Comment by rurban

1 month ago

Local models are not comparable to the FOTA models at all. I know what I'm saying because I do have 4 local H100's in my server, and could run the very best local models. It's night and day. They are unusable and stupid.

I get perfectly acceptable results from a Strix Halo PC the size of a shoebox, man. An APU that uses ~150w, has 0 discrete GPUs, and a bill of $0/m. What's more, it doesn't go down every week, limit use, or change the terms at a whim.

I'll burn/discard 'frontier' tokens (at work) only because they're mandated and they foot the bill. I'd rather resell them; meet the asinine requirement from $EMPLOYER, provide cover for outsourcing to my equipment, and get a return for the hassle.

TLDR: perhaps you're holding it wrong or haven't tried the latest, as we so often hear. That's a lot of GPU for not much utility.

  • Well, my python and typescript folks are also happy with the simplier local models. But I'm using more advanced stuff, C/C++ embedded real-time, vision AI, and compilers.
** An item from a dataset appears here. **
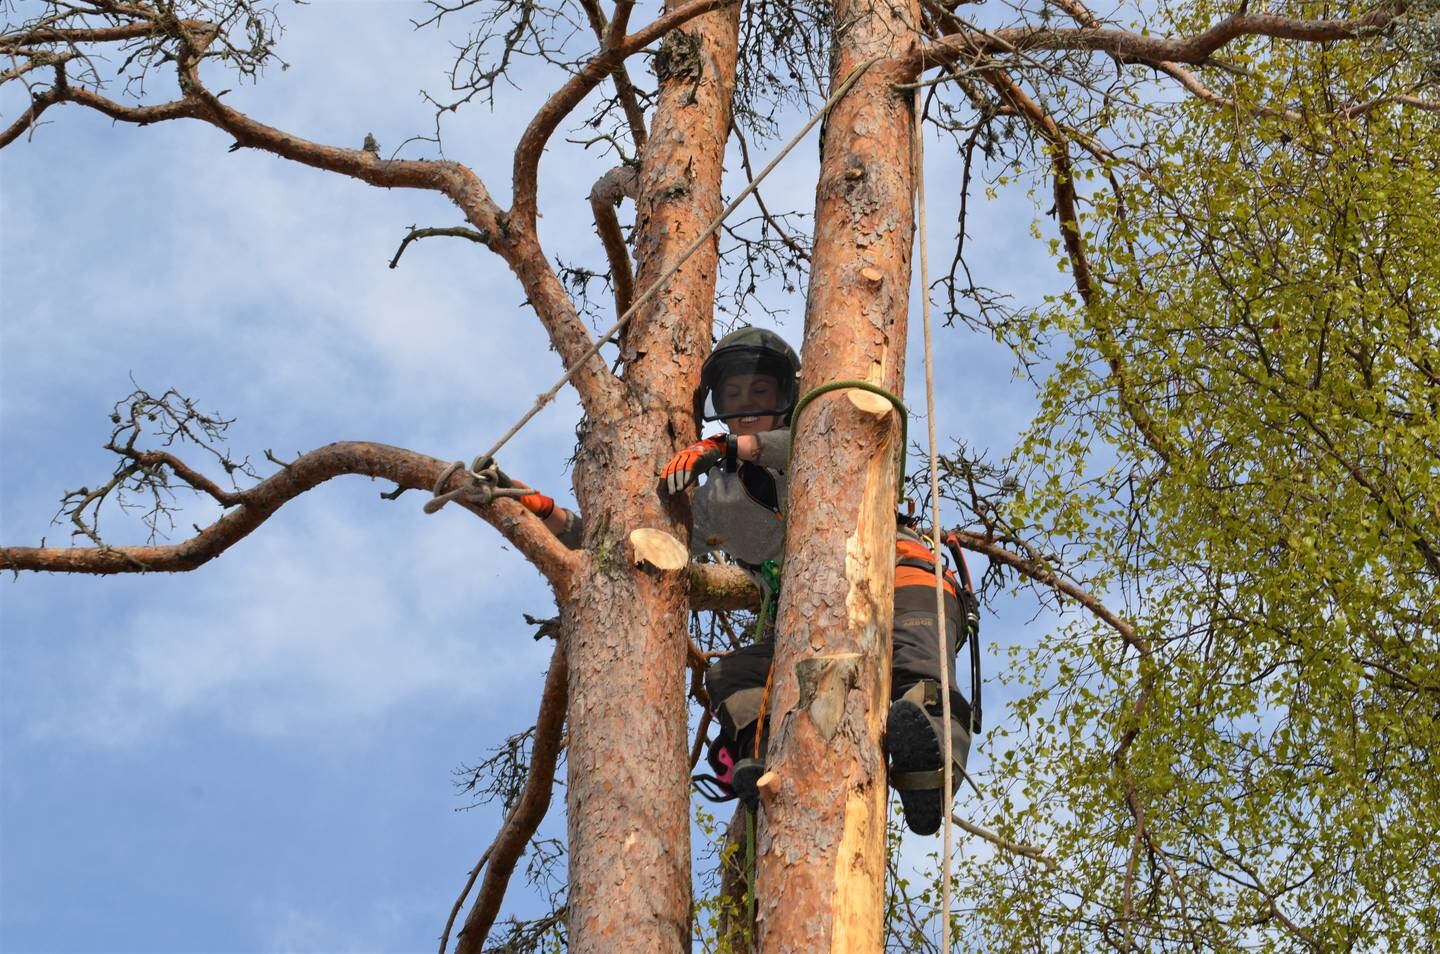 Avhengig av om treet skal felles eller beskjæres bruker Margrethe forskjellig klatreutstyr. Når det gjelder høydeskrekk tror hun alle kan kjenne på den følelsen.

    • Fair point. I treat LLMs like the forgetful junior we often hear about. The things I don't care to do, they (both local and hosted/'frontier') can. Boilerplate, very-well-described edits, some research/report, etc; a lot is riding on 'acceptable'.

      Easier to spawn another terminal pane/browser tab than hire a contractor, I just don't find the 'frontier' services/terms compelling.